To apply the migrated permissions, you can also convert the target permissions file into a Terraform Infrastructure-as-Code (IaC) configuration and apply it to Cloud Storage.

  1. Verify that you have Python 3.7 or higher.
  2. Create a new virtual environment and activate it.
  3. From the permissions-migration/terraform directory, install the dependencies from the requirements.txt file using the following command:

    python -m pip install -r requirements.txt
  4. Run the generator command:

    python tf_generator PATH LOCATION OUTPUT

    Replace the following:

    • PATH: the path to the generated permissions.yaml file.
    • LOCATION: the location of your Cloud Storage bucket where the script checks and creates folders based on the permission configuration.
    • OUTPUT: the path to the output file, main.tf.

Ruleset YAML files

Ruleset YAML files are used to map principals and roles when migrating permissions from HDFS or Apache Ranger to Trusted Cloud. Ruleset YAML files use Common Expression Language (CEL) for specifying predicates (where the result is boolean) and expressions (where the result is string).

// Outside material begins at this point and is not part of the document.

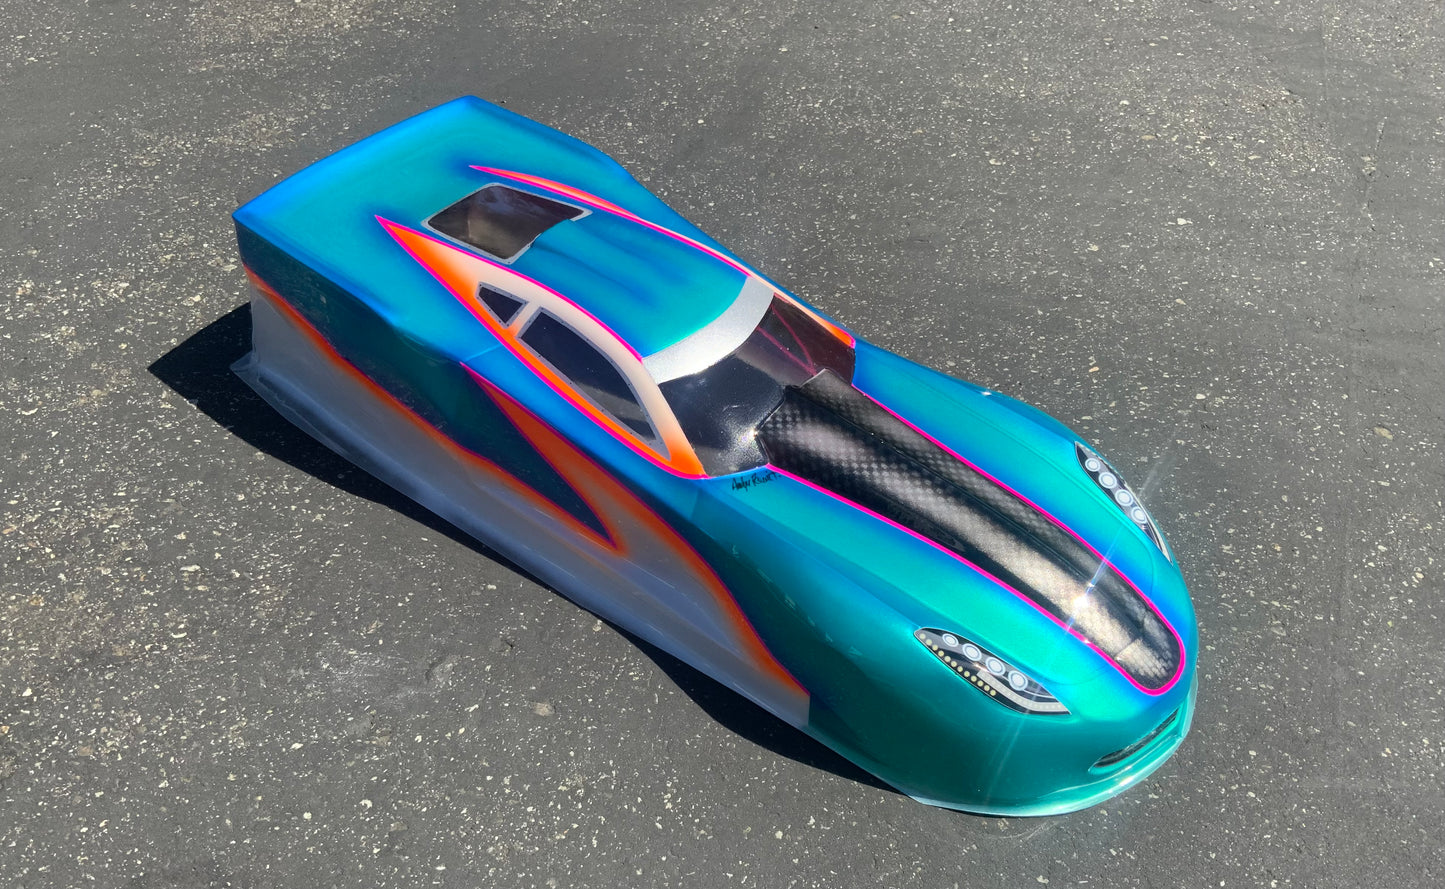 Racer RC by Andy’s RC LS23N (Narrow) with protective film

Ruleset YAML files have the following characteristics:

  • Mapping rules of each type are executed sequentially from top to bottom for each input object.
  • CEL expressions have access to context variables, and context variables depend on the section of the ruleset. For example, you can use the user variable to map to source user objects, and you can use the group variable to map to groups.
  • You can use CEL expressions or use static values to change default values. For example, when mapping a group, you can override the output value type from the default value group to another value like serviceAccount.
  • There must be at least one rule which matches every input object.

In a HDFS or Apache Ranger permissions migration, a ruleset YAML file can be used to define either a principal mapping file or a role mapping file.

Mapping rules in ruleset YAML files

The ruleset YAML file consists of mapping rules that specify how objects match from your source to your target during a permissions migration. A mapping rule can contain the following sections or clauses:

  • when: A predicate clause that limits the applicability of the rule
    • A string represents a boolean CEL expression. Values can be true or false
    • The rule applies only if the when clause evaluates to true
    • Default value is true
  • map: A clause that specifies the contents of a result field. The value for this clause depends on the type of object processed and can be defined as:
    • expression to evaluate as a string
    • value for a constant string
  • skip: Specifies that the input object shouldn't be mapped
    • Can be either true or false
  • log: A predicate clause that helps debug or develop rules
    • A string represents a boolean CEL expression. Values can be true or false
    • Default value is false
    • If set to true, the output contains an execution log that can be used to monitor or diagnose issues in the execution

Creating a principal ruleset YAML file

A principal mapping file is used to generate principal identifiers by providing a value for email_address and type.

  • Use email_address to specify the email for the Trusted Cloud principal.
  • Use type to specify the nature of the principal in Trusted Cloud. The value for type can either be user, group, or serviceAccount.

Any CEL expression used in the rules has access to variables which represent the processed object. The fields in the variables are based on the contents of the HDFS or Apache Ranger metadata files. The available variables depend on the section of the ruleset:

  • For user_rules, use the variable user
  • For group_rules, use the variable group
  • For other_rules, use the variable other
  • For role_rules, use the variable role

The following example maps users from HDFS to users in the Trusted Cloud with their username, followed by @google.com as their email address:

hdfs:
  user_rules:
    # Skip user named 'example'
    - when: "user.name == 'example'"
      skip: true
    # Map all other users to their name at google.com
    - when: "true"
      map:
        type:
          value: user
        email_address:
          expression: "user.name + '@google.com'"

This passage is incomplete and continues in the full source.